PROBLEM TO WORK ON: In the records below, find the line with "Ramona Small Leather" and the line with "16 Ağustos 2022"; return exactly those lines and every line between them.

---------- EXTRACTED DATA ----------

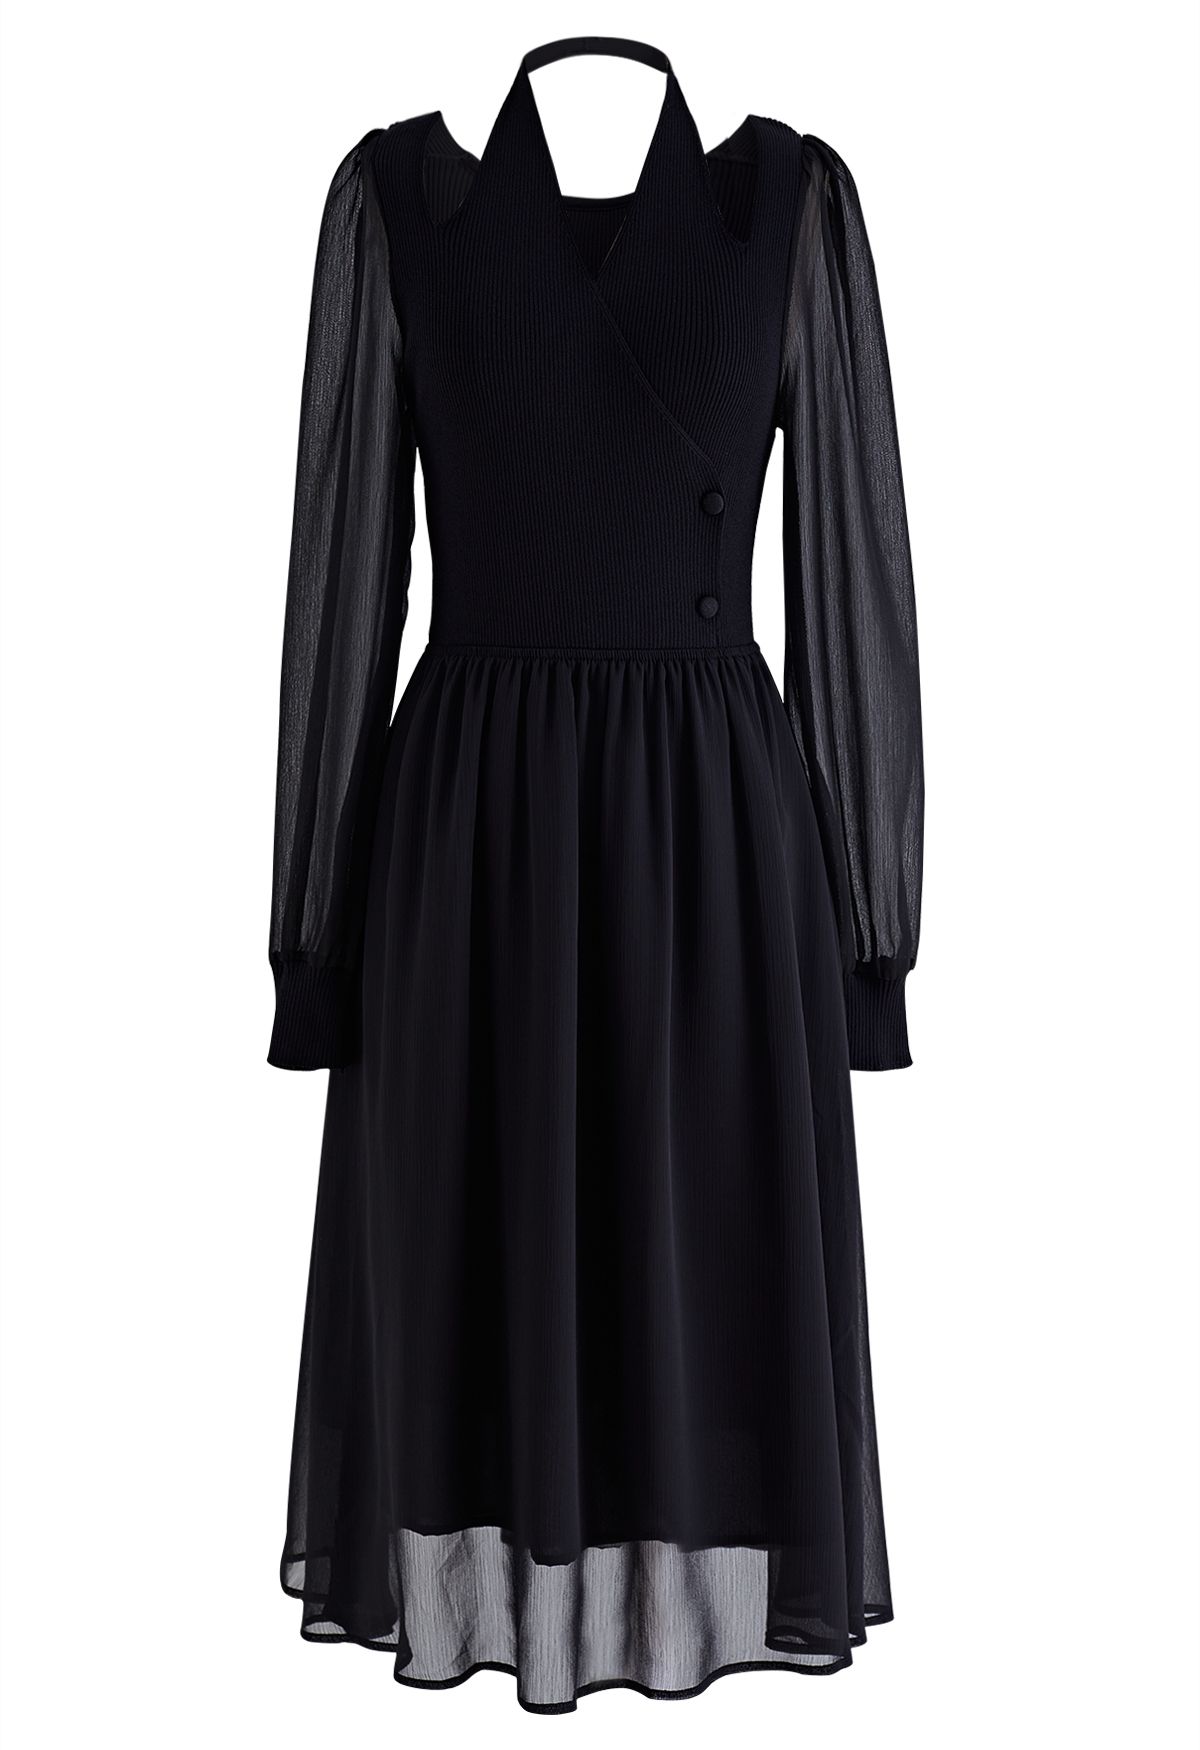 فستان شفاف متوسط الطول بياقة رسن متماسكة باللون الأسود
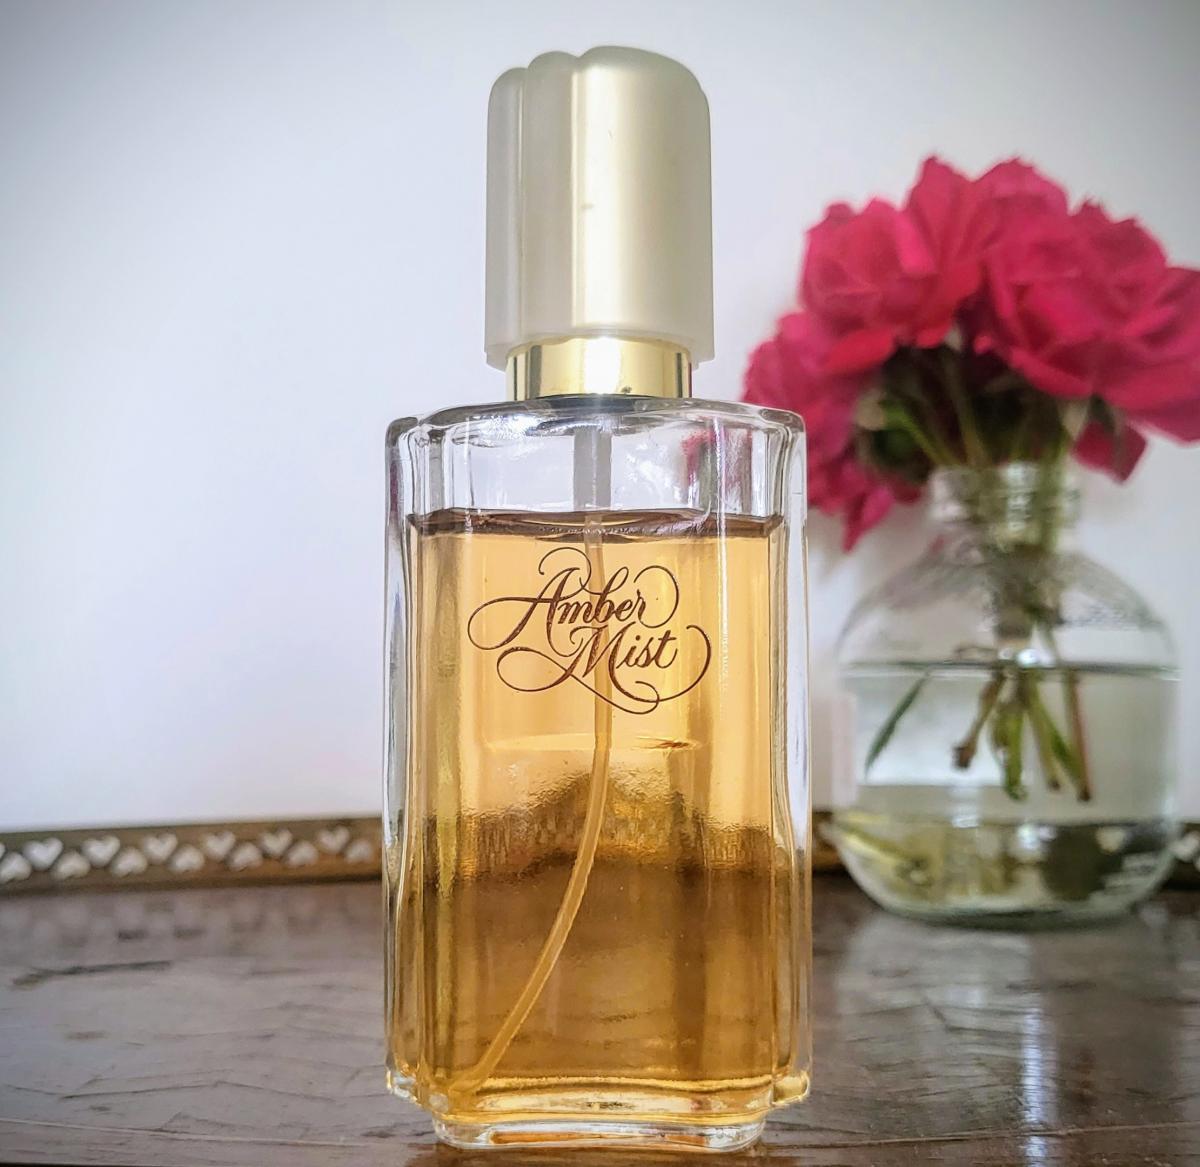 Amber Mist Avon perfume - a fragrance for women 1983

----------
---------- EXTRACTED DATA ----------

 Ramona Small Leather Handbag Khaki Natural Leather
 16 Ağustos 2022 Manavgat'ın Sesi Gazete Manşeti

----------
---------- EXTRACTED DATA ----------

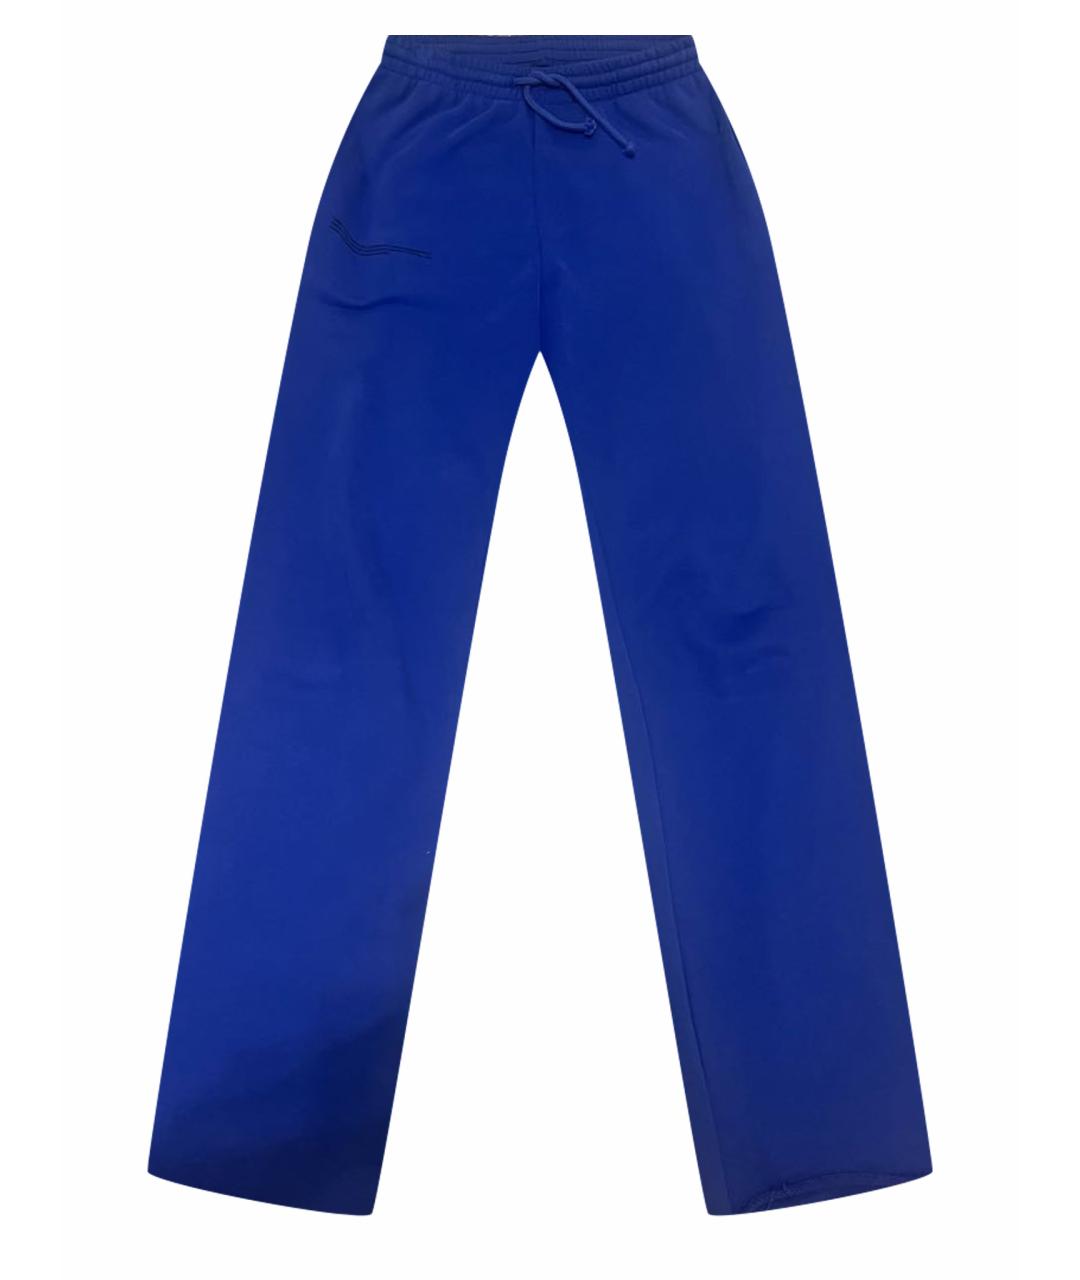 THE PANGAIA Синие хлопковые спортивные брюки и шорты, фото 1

----------

OUTPUT BELOW:
 Ramona Small Leather Handbag Khaki Natural Leather
 16 Ağustos 2022 Manavgat'ın Sesi Gazete Manşeti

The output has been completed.